UK Health & Safety Executive view on the Bhopal Gas Tragedy

UK Health & Safety Executive, May 6, 2006
Accident summary
In the early hours of 3 December 1984 a relief valve on a storage tank containing highly toxic methyl isocyanate (MIC) lifted. A cloud of MIC gas was released which drifted onto nearby housing.
Prior to this, at 23.00 hrs on 2 December, an operator noticed the pressure inside the storage tank to be higher than normal but not outside the working pressure of the tank. At the same time a MIC leak was reported near the vent gas scrubber (VGS). At 00.15hrs a MIC release in the process area was reported. The pressure inside the storage tank was rising rapidly so the operator went outside to the tank. Rumbling sounds were heard from the tank and a screeching noise from the safety valve. Radiated heat could also be felt from the tank.
Attempts were made to switch on the Vent Gas Scrubber but this was not in operational mode.
Approximately 2,000 people died within a short period and tens of thousands were injured, overwhelming the emergency services. This was further compounded by the fact that the hospitals were unaware as to which gas was involved or what its effects were. The exact numbers of dead and injured are uncertain, as people have continued to die of the effects over a period of years.

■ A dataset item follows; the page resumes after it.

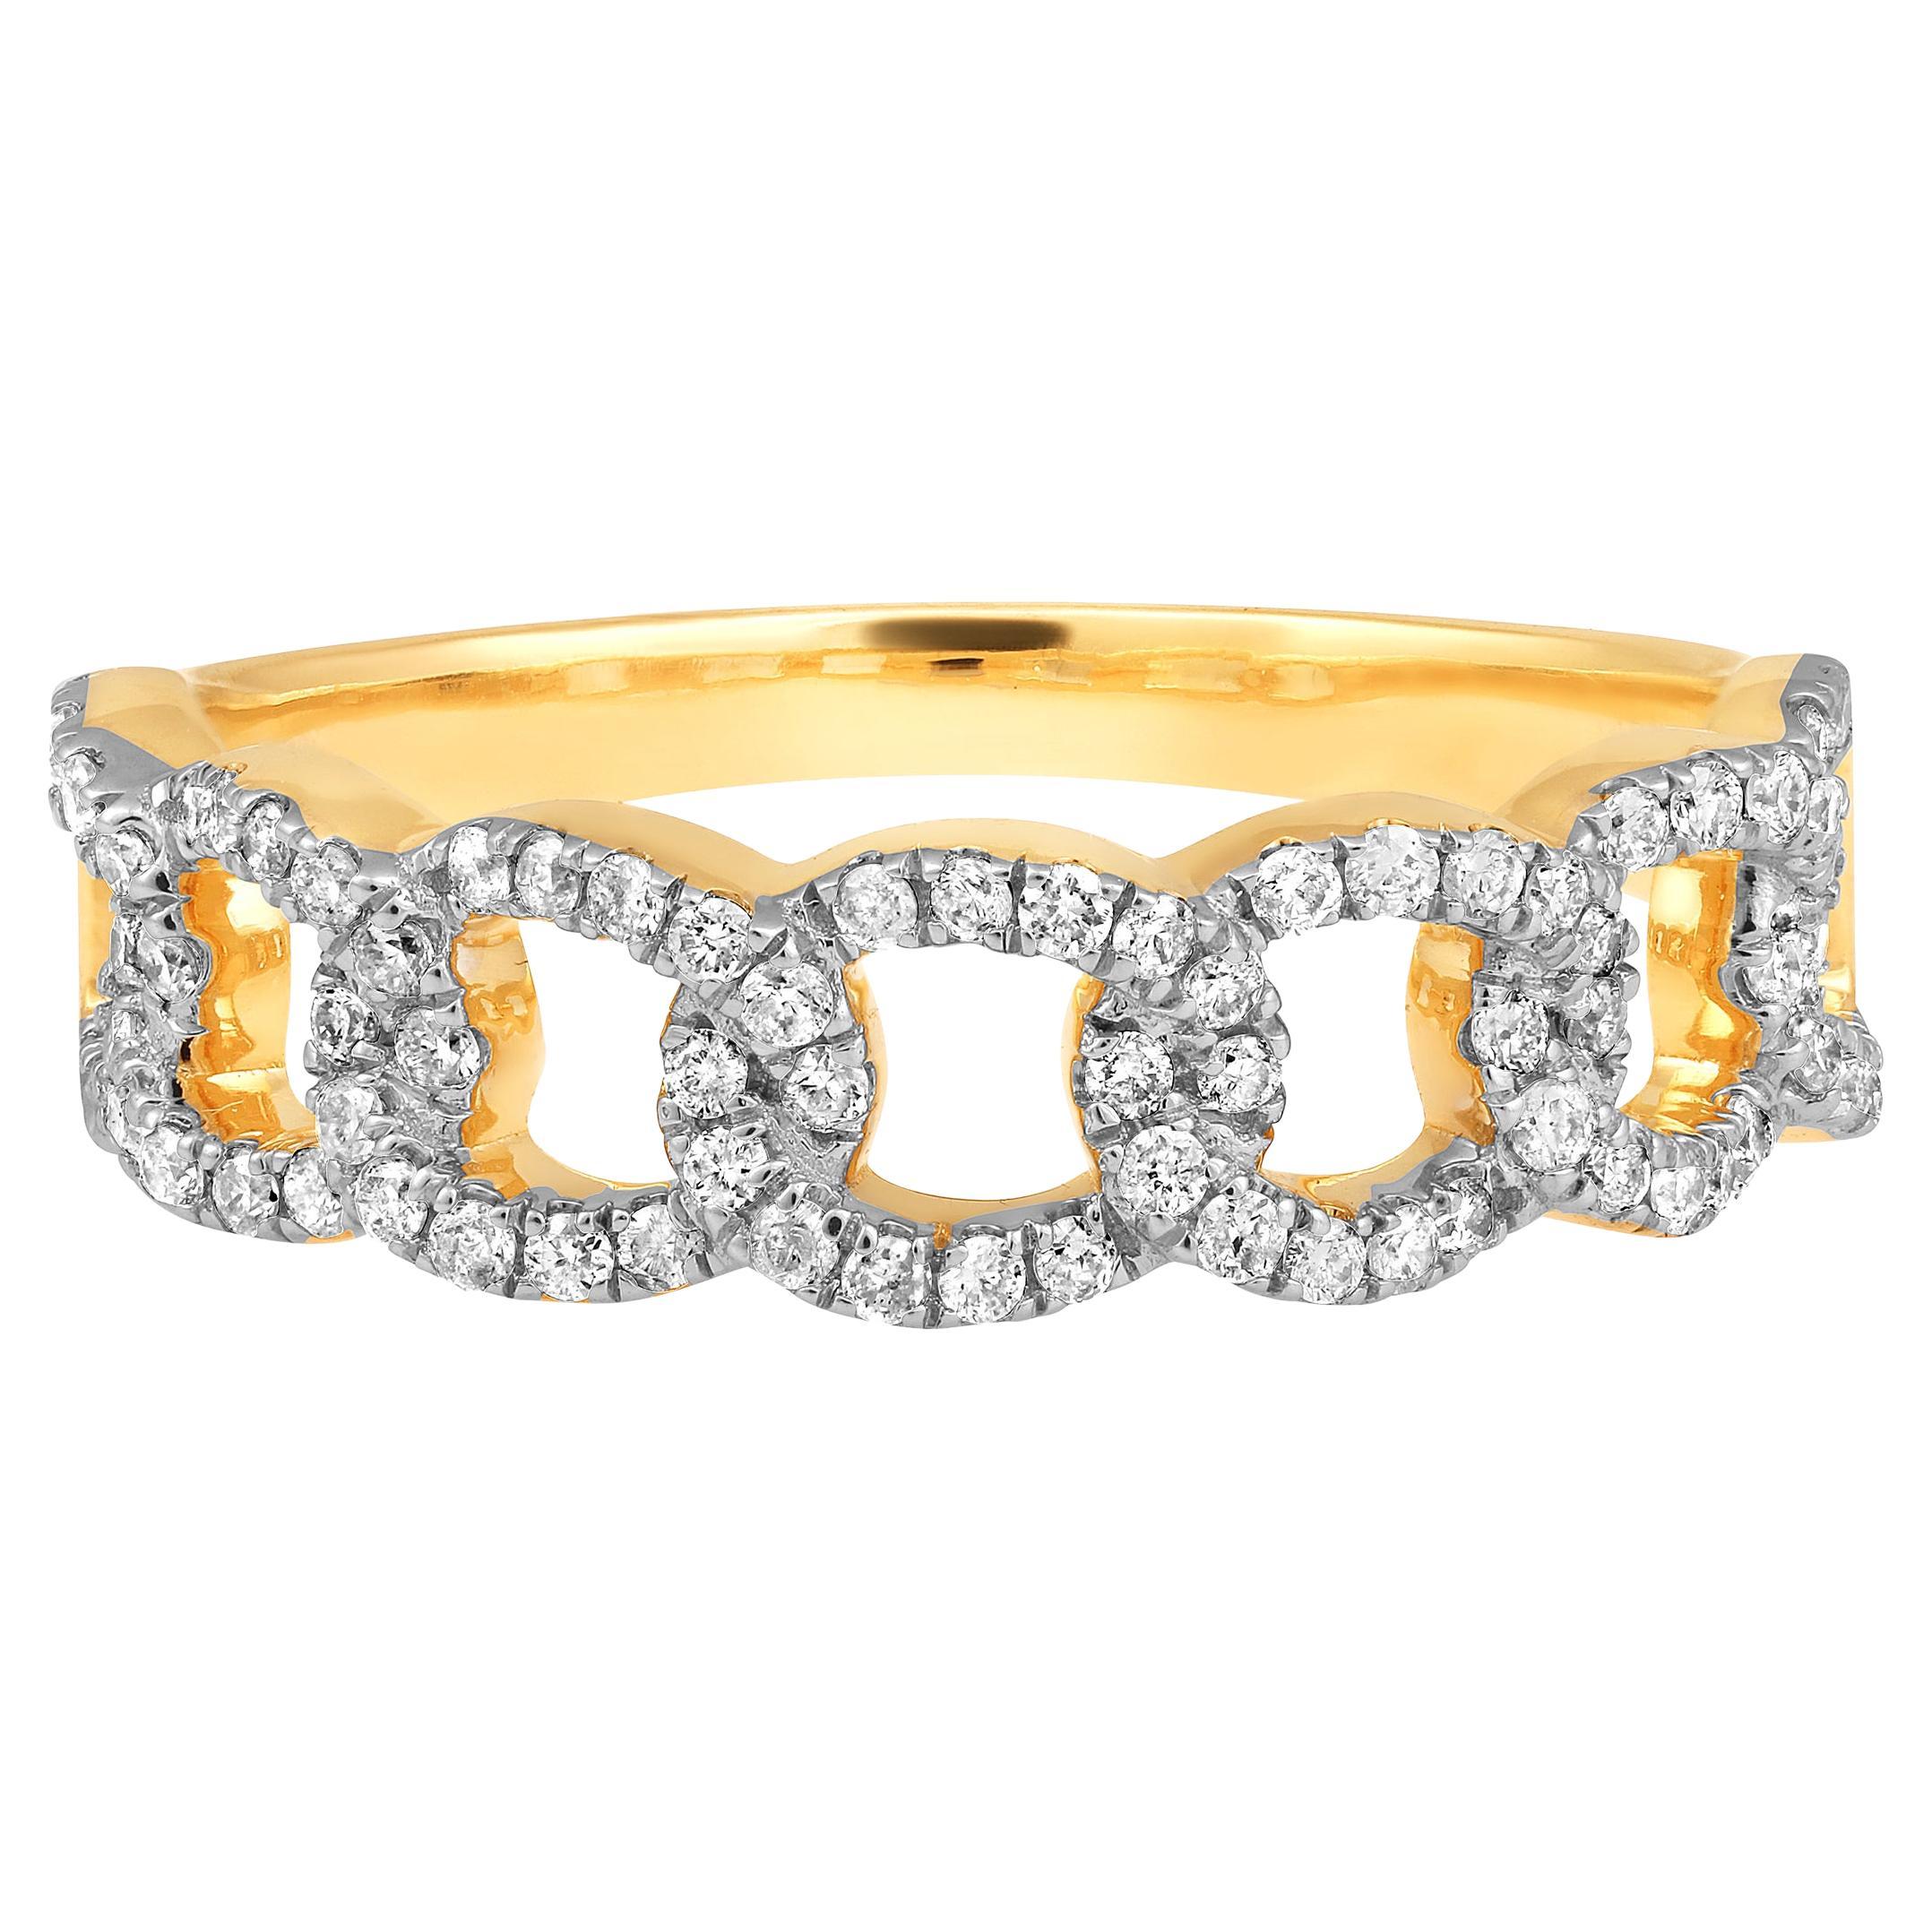 Certified 10k Gold 0.4ct Natural Diamond Designer Chain Link Cuban Yellow Ring

The severity of this accident makes it the worst recorded within the chemical industry.
Failings in technical measures
* The flare system was a critical element within the plant’s protection system. However, this fact was not recognised as it was out of commission for some three months prior to the accident.
* Plant Modification / Change Procedures: HAZOP, identification of safety critical elements
* Hazards associated with runaway reactions in a chemical reactor are generally understood. However, such an occurrence within a storage tank had received little research.
* Reaction / Product Testing: laboratory testing
* The ingress of water caused an exothermic reaction with the process fluid. The exact point of ingress is uncertain though poor modification/maintenance practices may have contributed.
* Design Codes – Plant: ingress of unwanted material
* Maintenance Procedures: training and competence levels
* Plant Modification / Change Procedures: HAZOP
* The decommissioning of the refrigeration system was one plant modification that contributed to the accident. Without this system the temperature within the tank was higher than the design temperature of 0°C.
* Plant Modification / Change Procedures: HAZOP, decommissioning procedures
* The emergency response from the company to the incident and from the local authority suggests that the emergency plan was ineffective. During the emergency operators hesitated when to use the siren system. No information was available regarding the hazardous nature of MIC and what medical actions should be taken.
* Emergency Response / Spill Control: site emergency plan, emergency operating procedures/training
References
FP Lees, ‘Loss prevention in the process industries – Hazard identification, assessment and control’, Volume 3, Appendix 5, Butterworth Heinemann, ISBN 0 7506 1547 8, 1996.